On September 2, 2010, Israel and the PLO relaunched negotiations for a political settlement to resolve their conflict, with America providing sponsorship, pressure, and go-between services, and with Egypt and Jordan providing political backing. Among the core issues to be resolved, one of the toughest is the Palestinian refugee problem. Yet the Palestinian consensus does not leave Palestinian leaders with any room for maneuver whatsoever regarding the right of return.
The PLO, the internationally recognized representative of the Palestinian people, and the Palestinian Authority that derives its authority from the PLO, religiously adhere to the historical, fundamental position of the right of return for all Palestinian refugees and their descendants, wherever they may be (originally 600,000, their number is now estimated at over 5,000,000 people), to their original dwelling places that are currently located within the territory of the State of Israel. The Negotiation Department of the PLO, responsible for conducting diplomatic negotiations with Israel, views UN General Assembly Resolution 194 and the decisions of international institutions as the source of legal authority for the Palestinian demand. The Internet site of the Negotiation Department states: The right of return is enshrined in international law:
UN Resolution 194 - (passed on 11 December 1948 and reaffirmed every year since 1948):
"[Palestinian] refugees wishing to return to their homes and live at peace with their neighbors should be permitted to do so at the earliest practicable date, and that compensation should be paid for the property of those choosing not to return and for loss of or damage to property which, under principles of international law or in equity, should be made good by the governments or authorities responsible."
The right of return is considered sacrosanct among the Palestinian people and there is no one who disputes it. The representatives of the Palestinian people, including the PLO and Palestinian Authority, base their position on the question of resolving the conflict on "justice" rather than on "compromise." The meaning of "justice," from the Palestinian perspective, is the realization of the rights of the Palestinian refugees in accordance with all the decisions of the international institutions, the foremost being UN Resolution 194 that they see as sanctifying the right of the refugees to return and receive compensation, although it does not mention descendants.
The formula of "a just and agreed-upon solution in accordance with Resolution 194" does not convey an implied readiness for any hypothetical Palestinian compromise regarding the right of return. "Agreed" means that one should coerce Israel to agree to implement the Palestinian demands for "justice." The PLO and the Palestinian Authority continue to nurture in Palestinian society the idea of the return of the refugees. They prevent any option of resettlement of refugees outside the camps and preserve the role of UNRWA as a symbolic and practical expression of the demand for return.

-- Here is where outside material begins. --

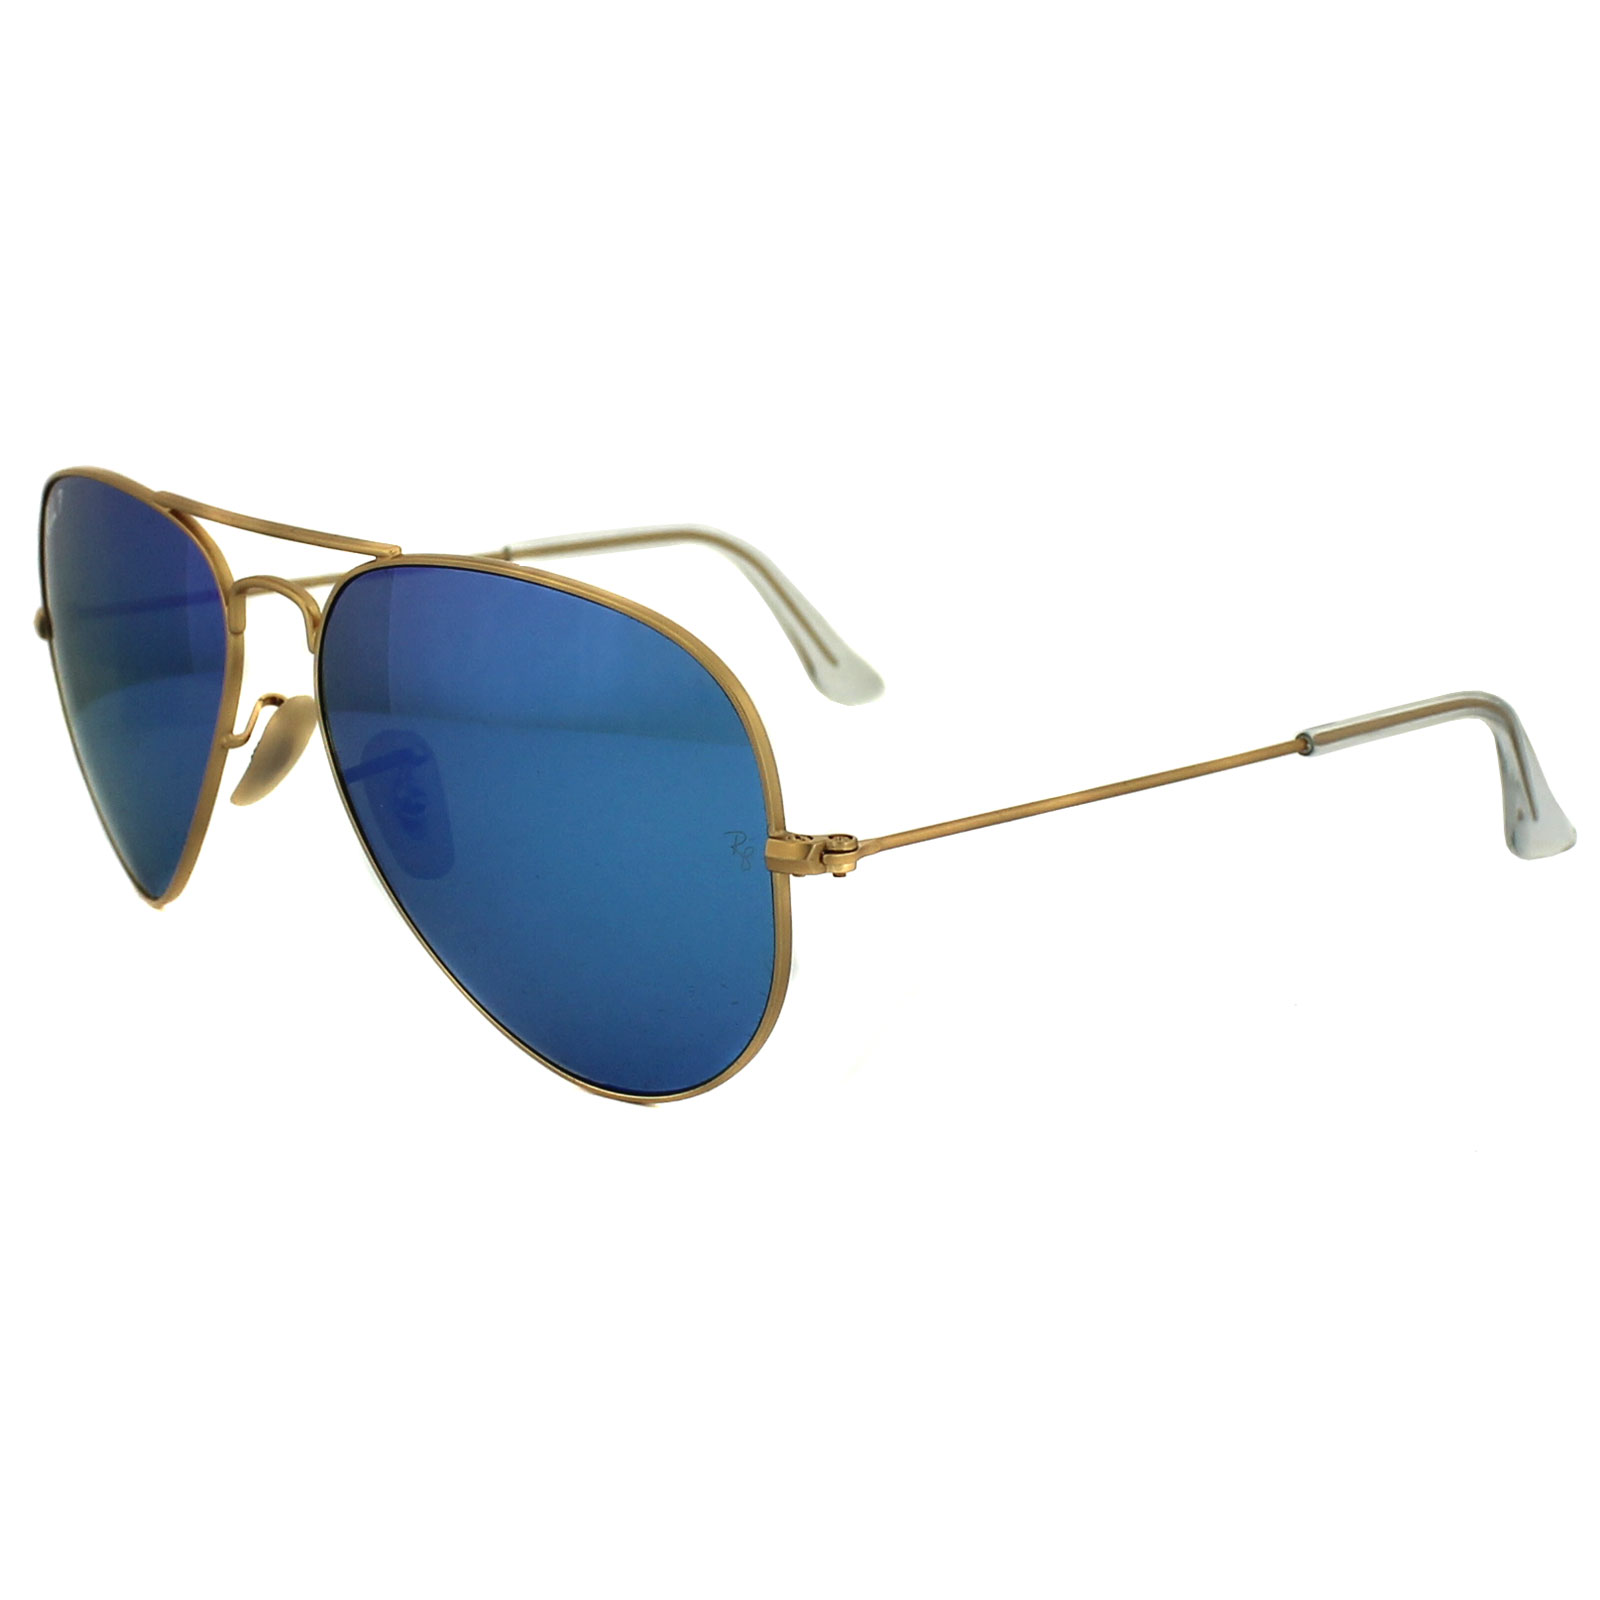 42e9c6025 CENTINELA Gafas de sol de Ray-Ban aviador 3025 112 / 4L espejo azul oro mate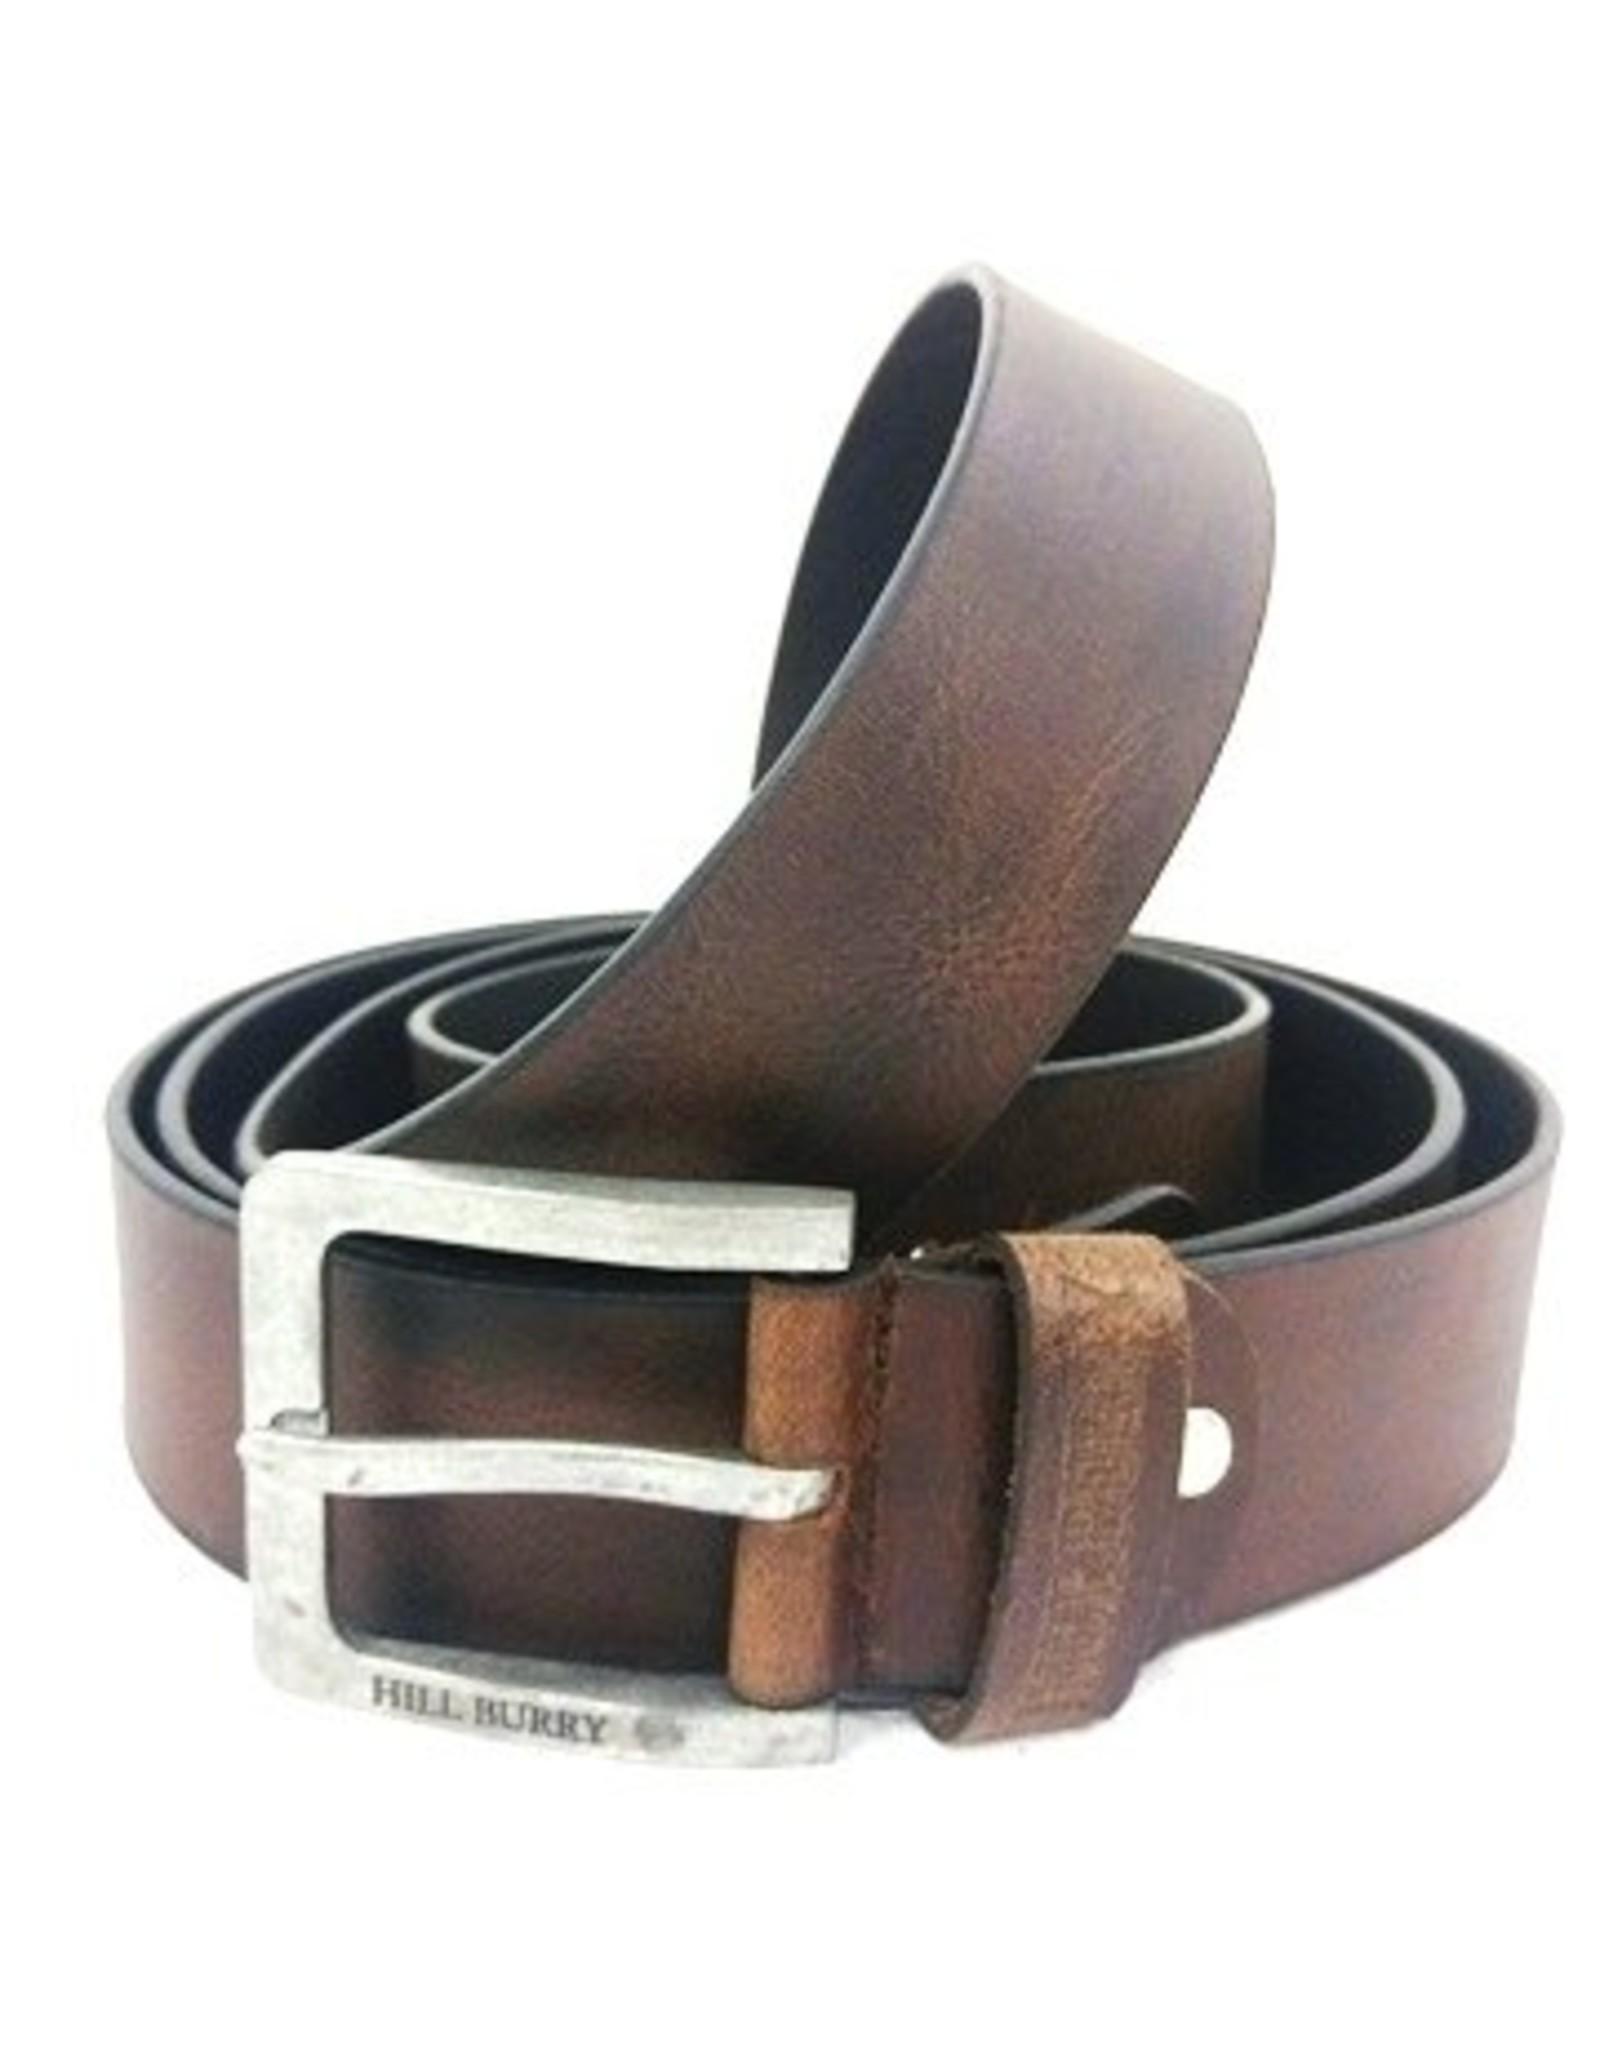 HillBurry Leather belts - HillBurry Leather Belt R03

The Palestinian concept, that receives support from Palestinian and even some Israeli human rights organizations, views the right of return as a private right of every single refugee, and this means that the Palestinian people's representatives (as well as the United Nations) have no authority whatsoever to forgo this right in the name of the refugees.
Any Palestinian leader who would dare challenge the consensus and waive the right of return in negotiations with Israel will in the best case find himself blacklisted and removed from the stage, or in the worst case he will be executed.
According to the Palestinian consensus, the non-implementation of the right of return will leave the gates of the conflict with Israel open, and this implies justification for a continued armed struggle against Israel even following the establishment of a Palestinian state.
The future Palestinian state to which Palestinian Authority Chairman Mahmoud Abbas and Prime Minister Salam Fayyad aspire is prepared to absorb Palestinians, including refugees, within its boundaries, with the reservation that this will not be considered in any shape or form as a waiver of the right of return.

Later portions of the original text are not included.